YOUR INSTRUCTIONS: Give the listing again word for word. Skip the pictures.

AVAILABLE DATA:
+---+
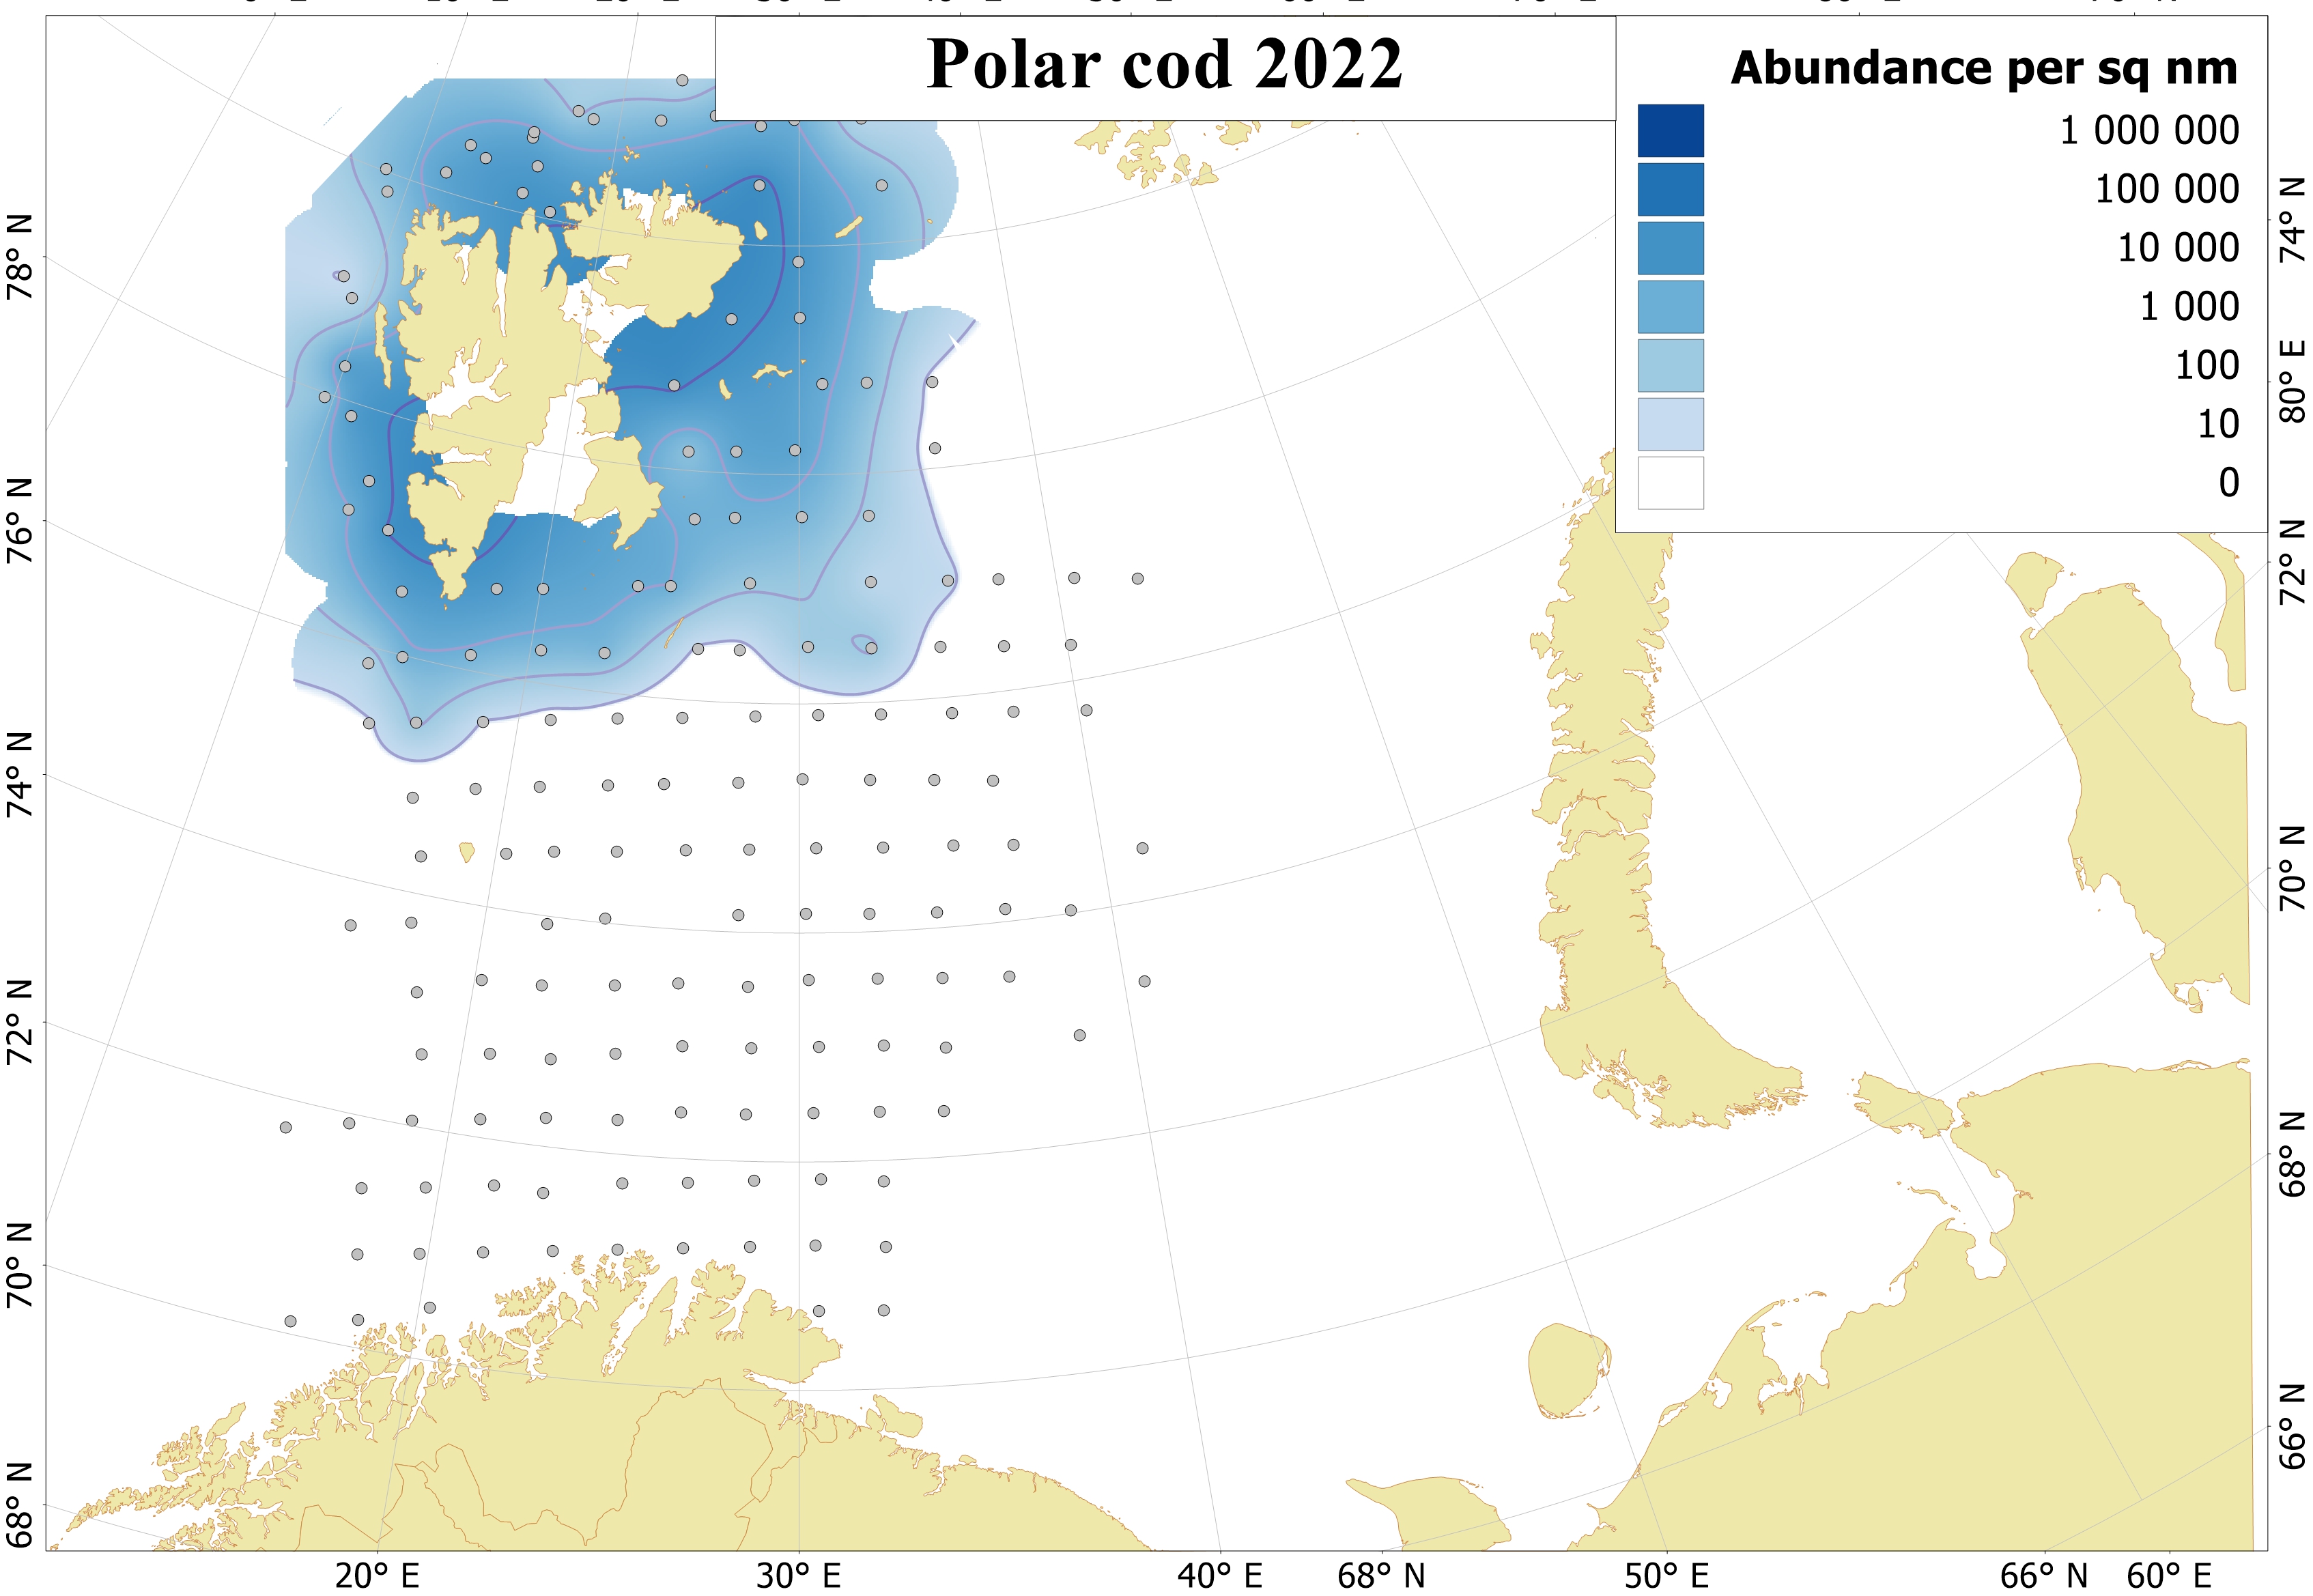 Ch 6 Distribution of 0-group polar cod 2022
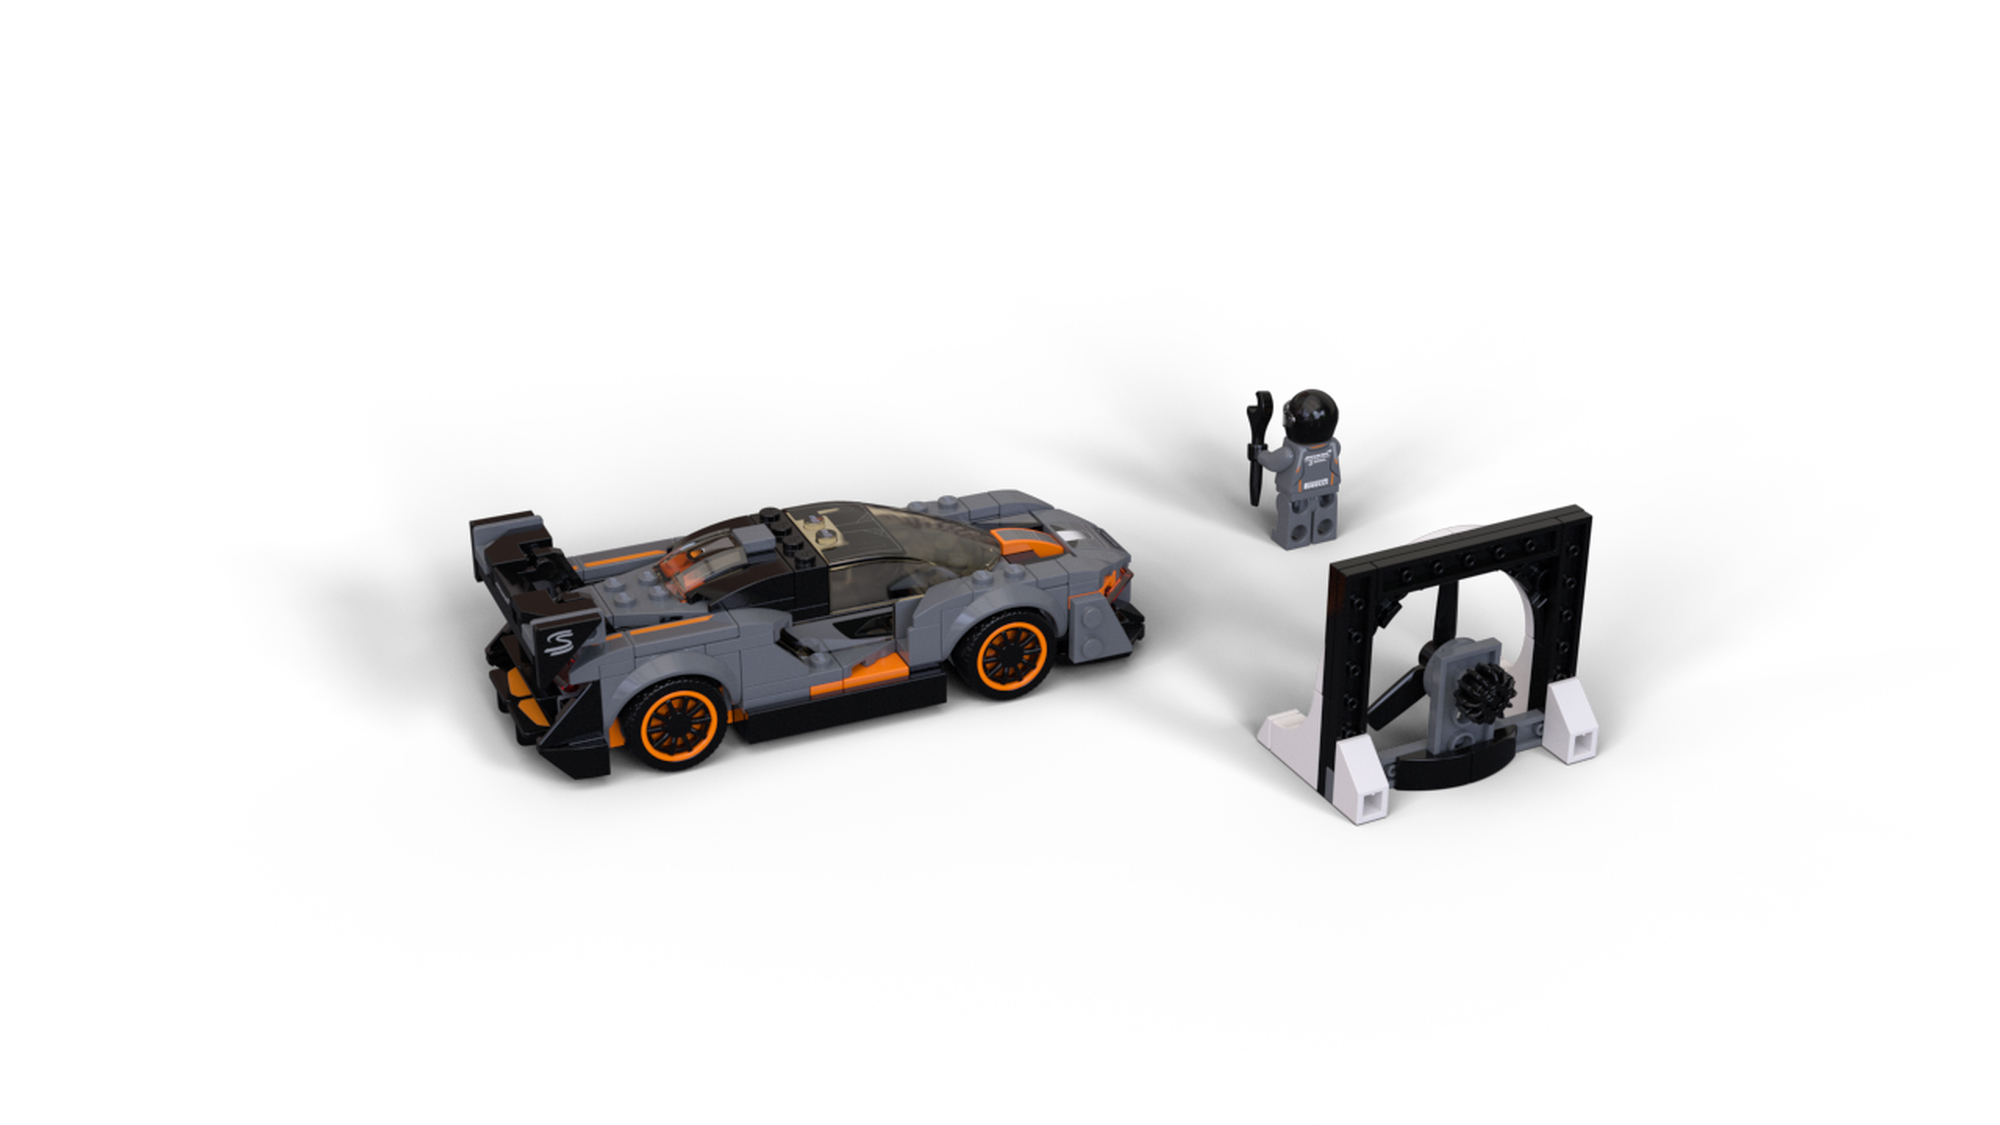 LEGO® Speed Champions 75892 McLaren Senna (2019) ab 19,99 € (Stand
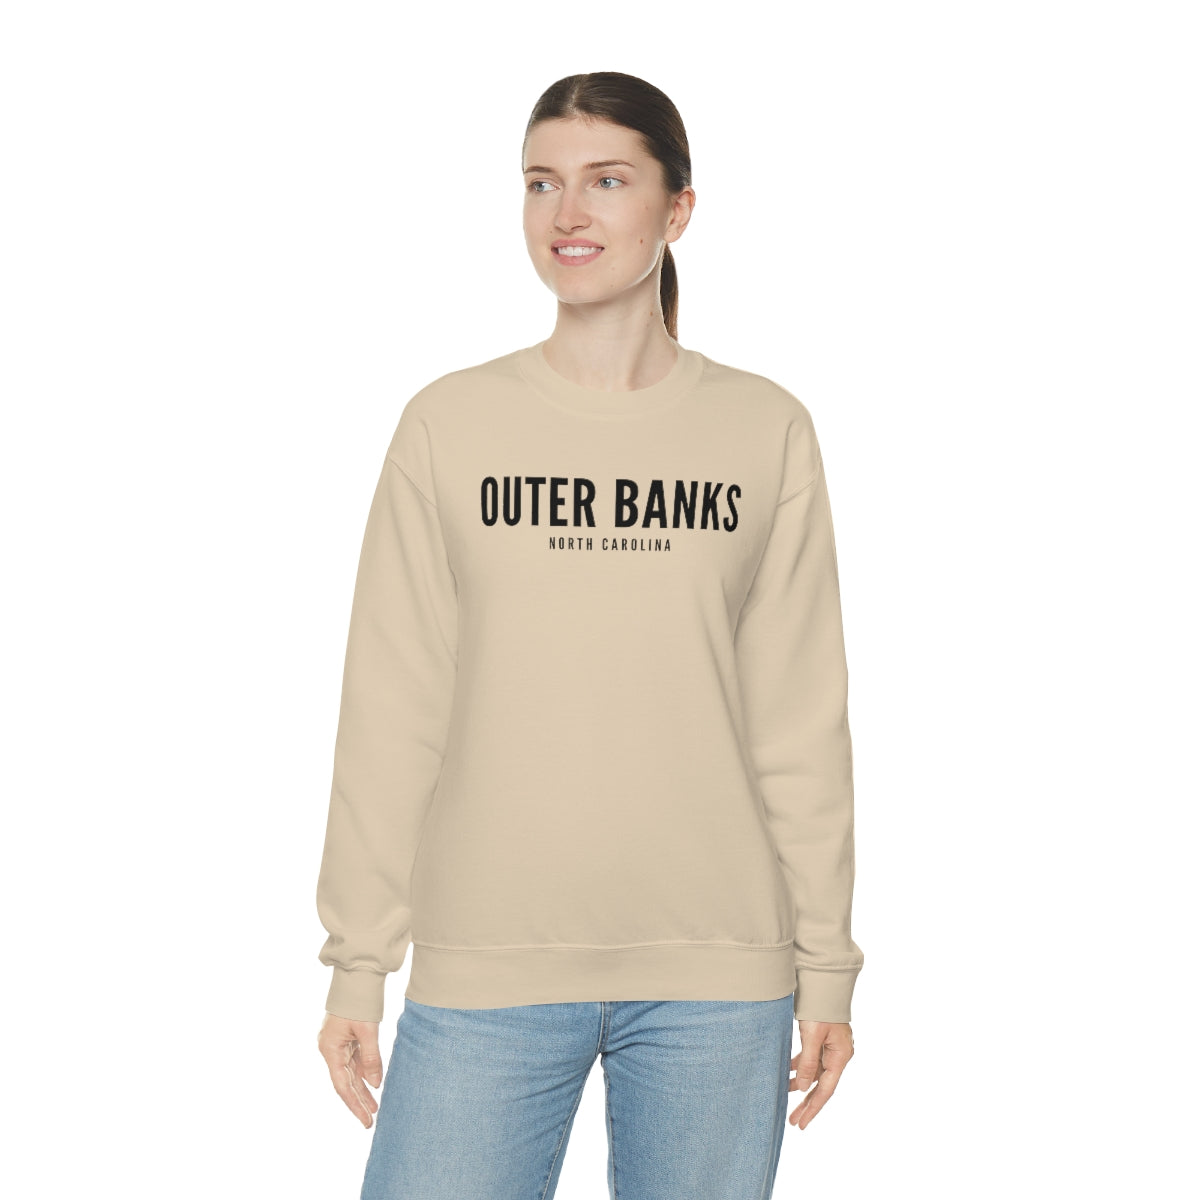 Outer Banks Unisex Crewneck Sweatshirt
+---+
ANSWER:
 Ch 6 Distribution of 0-group polar cod 2022
 LEGO® Speed Champions 75892 McLaren Senna (2019) ab 19,99 € (Stand
 Outer Banks Unisex Crewneck Sweatshirt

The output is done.